▸ Aim of the exercise
Each line from the one holding "Srinagar Ras - Ruby" to the last line of the listing must be set down exactly. No pictures are to be included.

▸ Data extract

——————

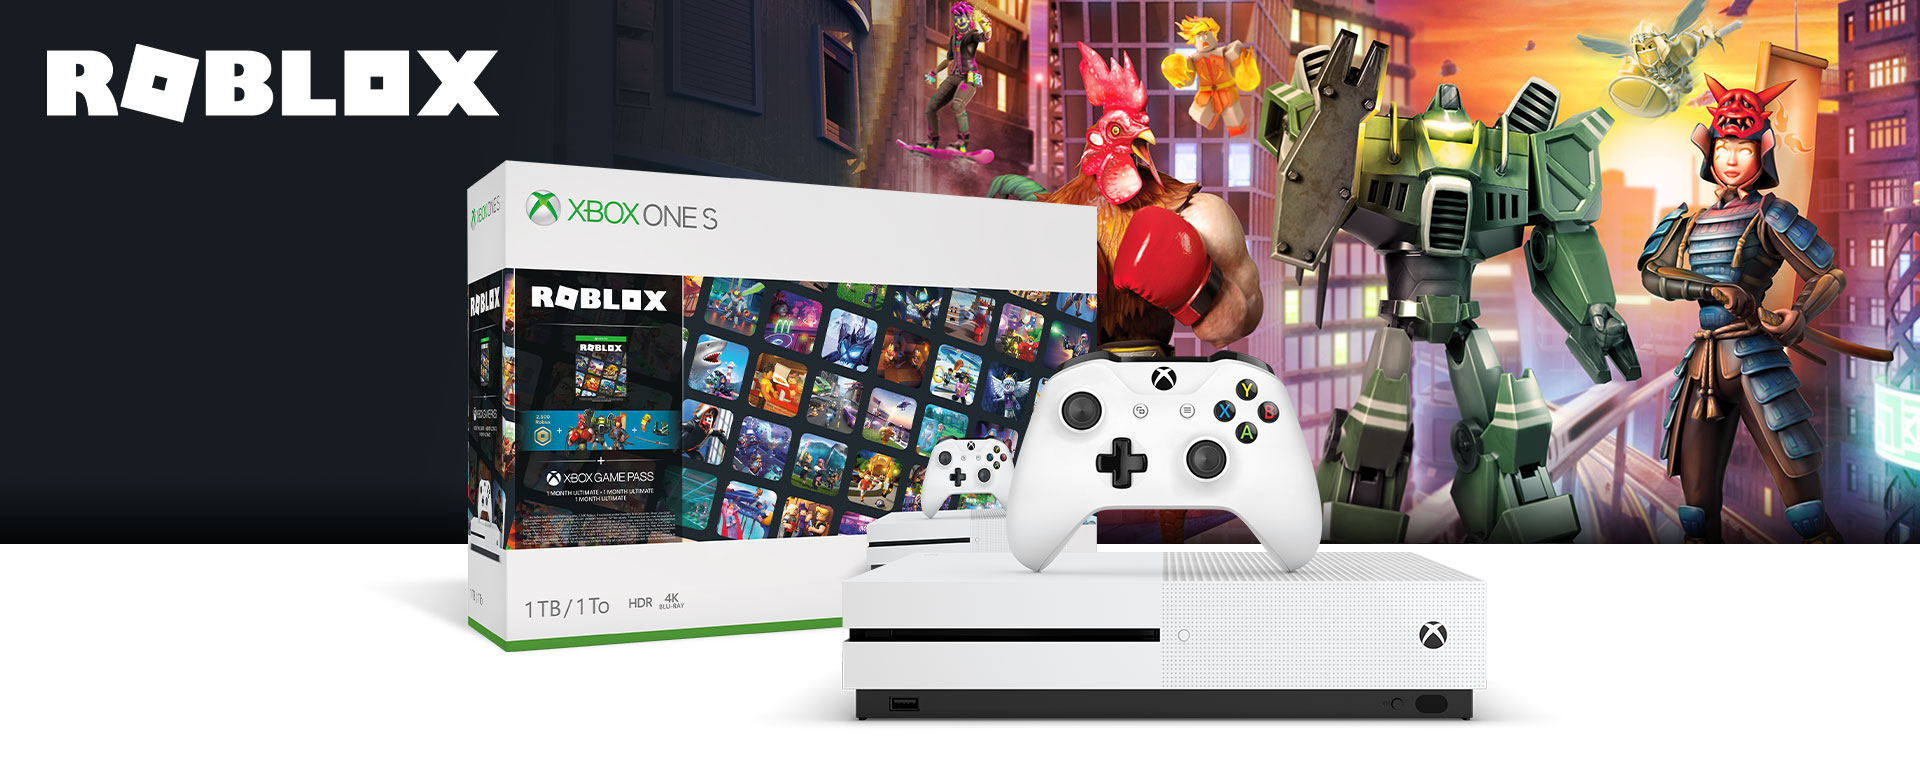 Roblox Xbox One Server Status
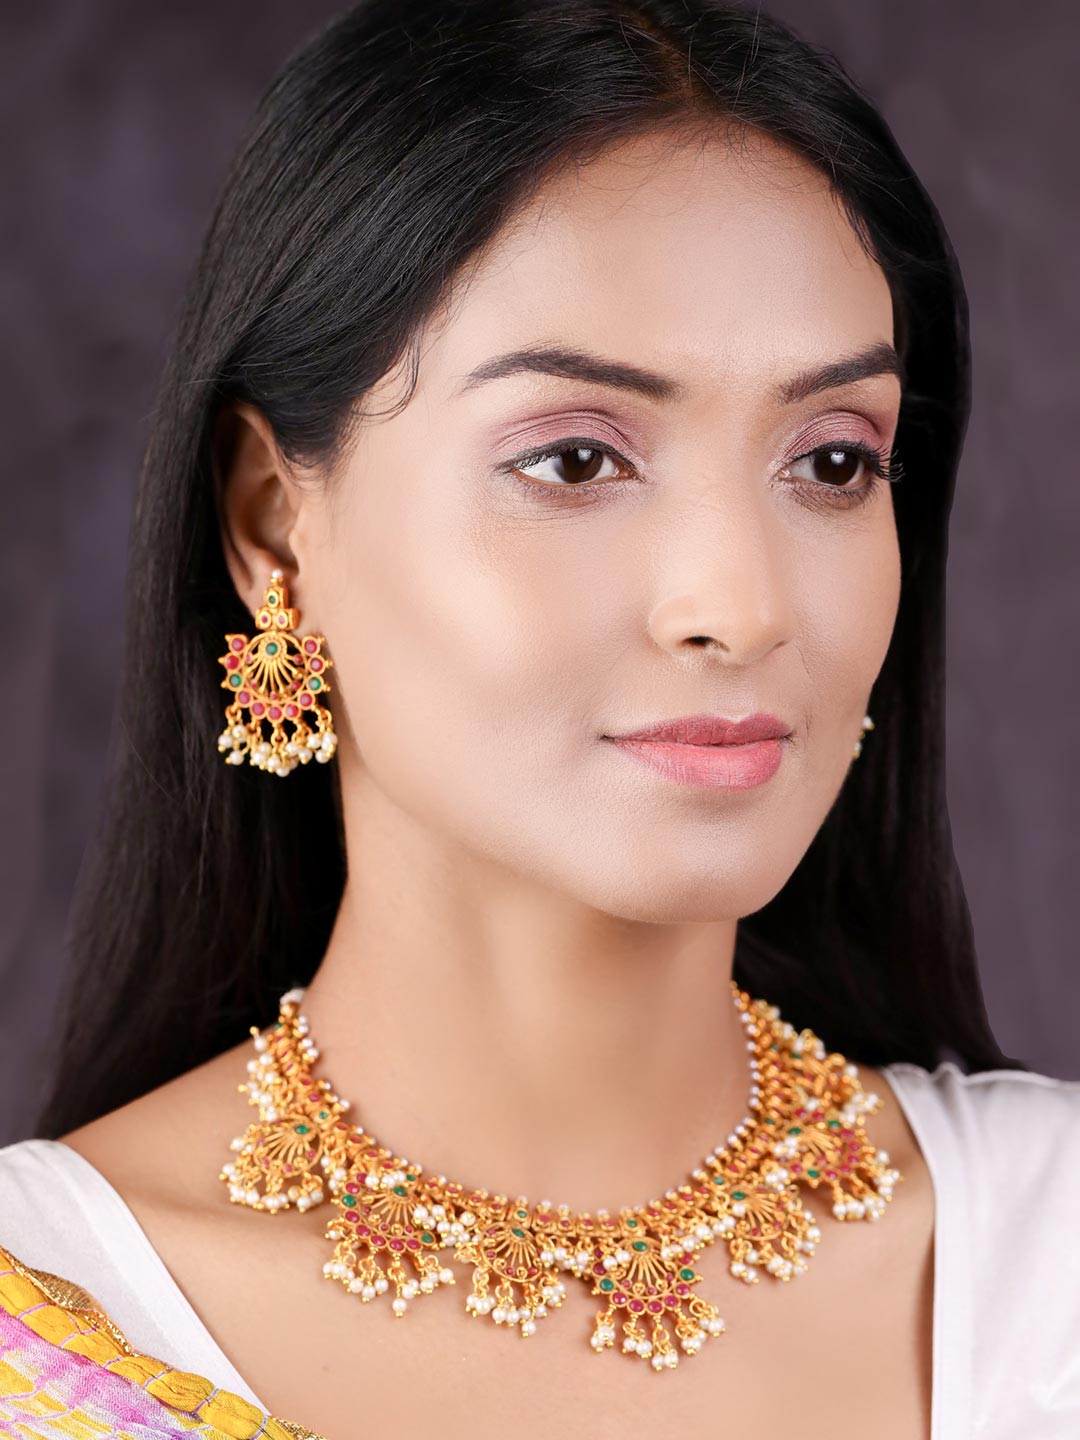 Srinagar Ras - Ruby Emerald Beads Gold Plated Jewellery Set
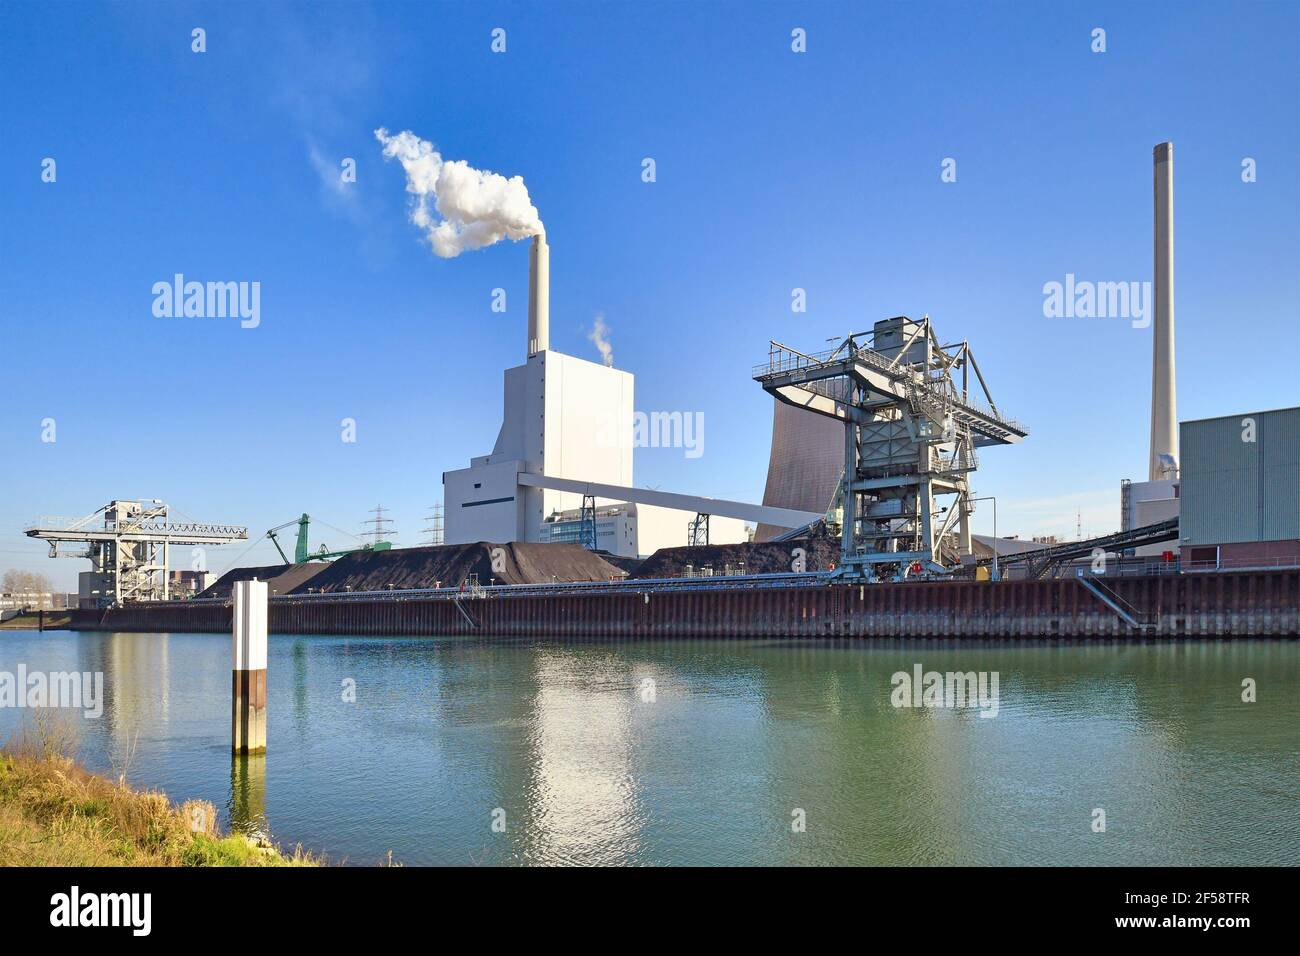 La centrale a vapore Rheinhafen di Karlsruhe, in Germania, utilizzava generazione di elettricità e teleriscaldamento da carbone duro Foto Stock
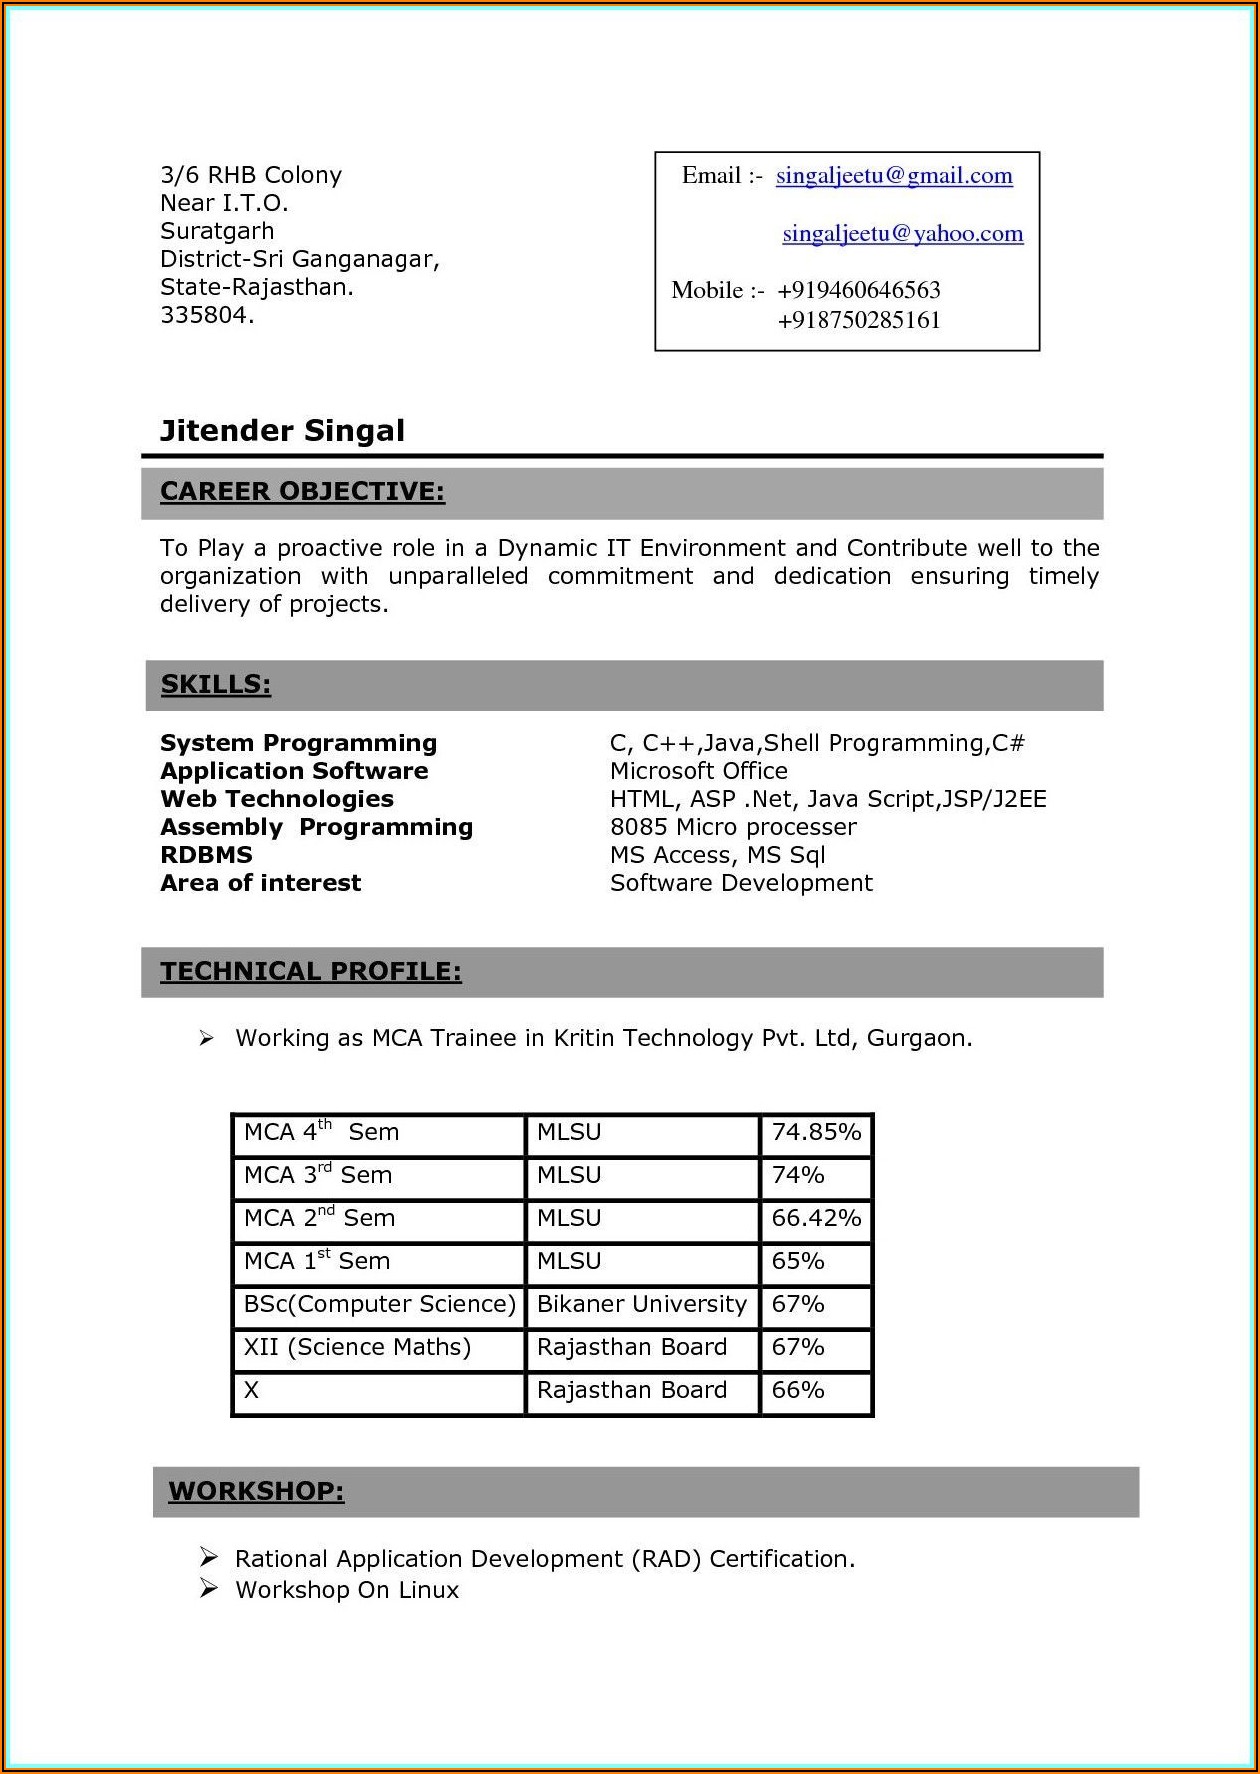 Resume Format For Gnm Nursing Student

——————

▸ Task response
 Srinagar Ras - Ruby Emerald Beads Gold Plated Jewellery Set
 La centrale a vapore Rheinhafen di Karlsruhe, in Germania, utilizzava generazione di elettricità e teleriscaldamento da carbone duro Foto Stock
 Resume Format For Gnm Nursing Student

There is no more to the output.